In some cases, the Text Analytics optimizer cannot choose the most efficient execution plan. When that is the case, you can use the AQL Profiler to identify which portion of the plan can be improved through manual tuning. The AQL Profiler is included in the InfoSphere® BigInsights™ Eclipse Tooling.
The Profiler generates reports that can help you troubleshoot performance problems in the AQL code. For more information, see Improving extractor performance for help in determining if your extractor requires performance tuning, and how to solve common performance problems.

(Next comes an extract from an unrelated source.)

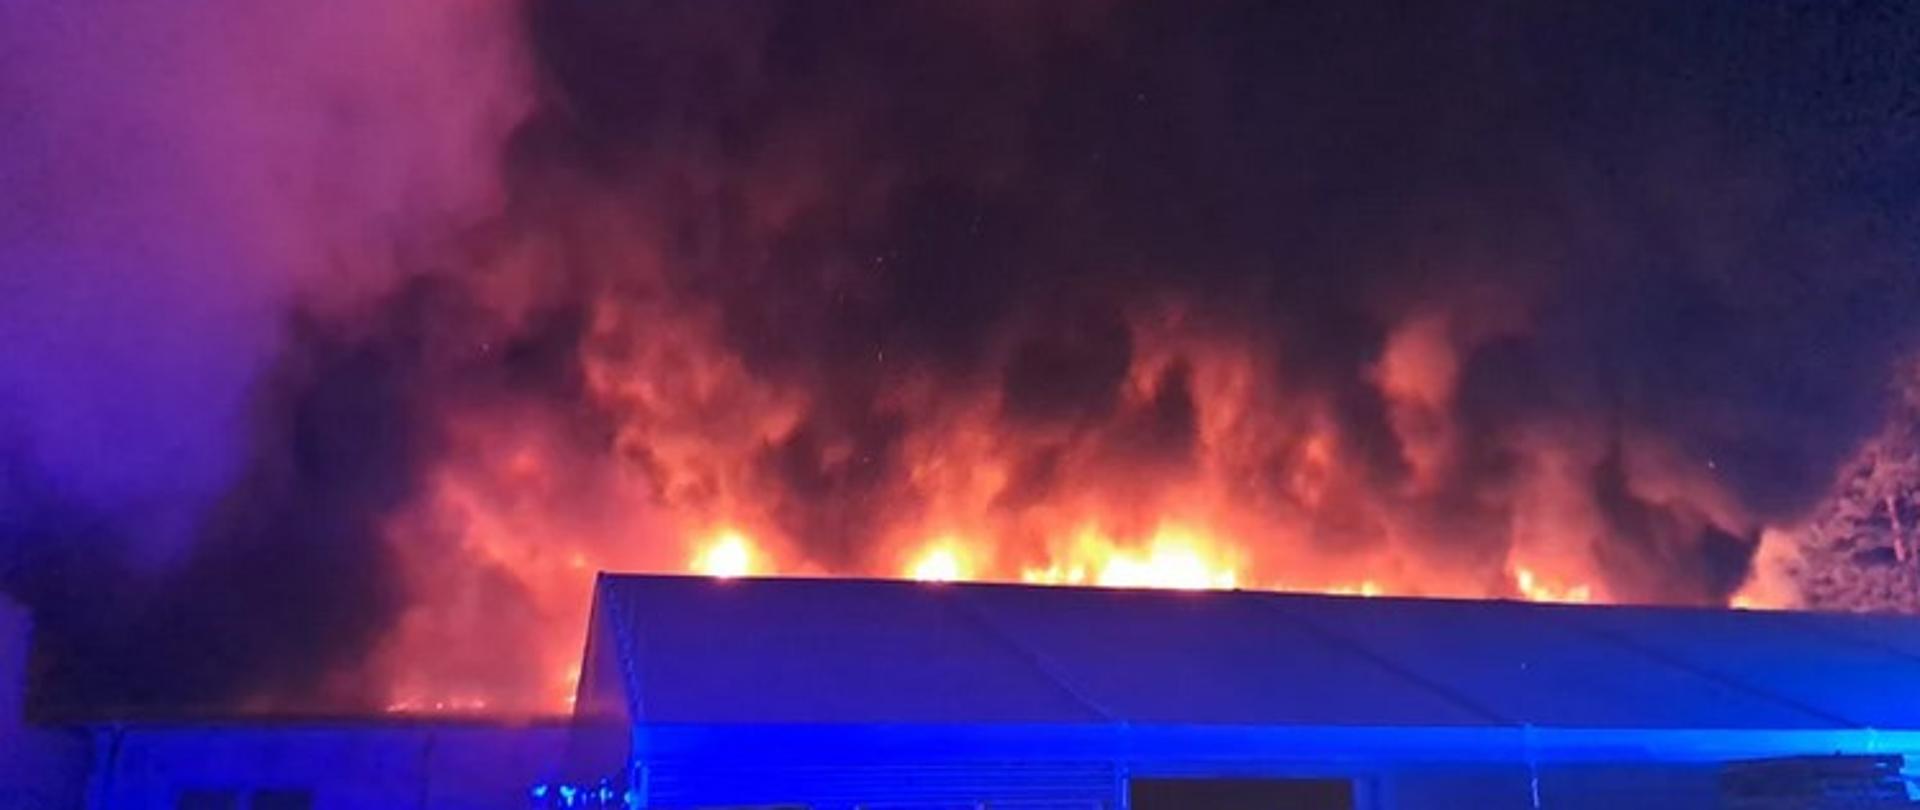 Zdjęcie zrobione w nocy. Na pierwszym planie hala z dachem dwuspadowym, za nim widać płomienie i dym palącego się innego budynku.

The Profiler also calculates the throughput of the extractor (in KB/seconds) by dividing the size of the data that was processed by the total duration of the Profiler execution. The higher the value, the better: more data is processed per second, and the extractor is faster. As you tune the AQL hot spots identified by the Profiler, verify that the throughput value increases the next time you rerun the Profiler. You may need to repeat the process until you are satisfied with the extractor performance.
The Profiler generates the following reports that can help you troubleshoot performance problems in the AQL code.
Helps you understand which of the views took the longest time to run. For a moderately complex extractor, a view that takes more than 5% of the execution time is a potential hot spot. (In general, you can ignore the time taken by 'Tokenization and POS Tagging', which is expected to take a longer time in general.)
Displays the normalized running time per MB of text for documents larger than 1 KB. A higher number means the extractor is slower on that document. This report also displays the extractor throughput, the higher the throughput, the faster the extractor.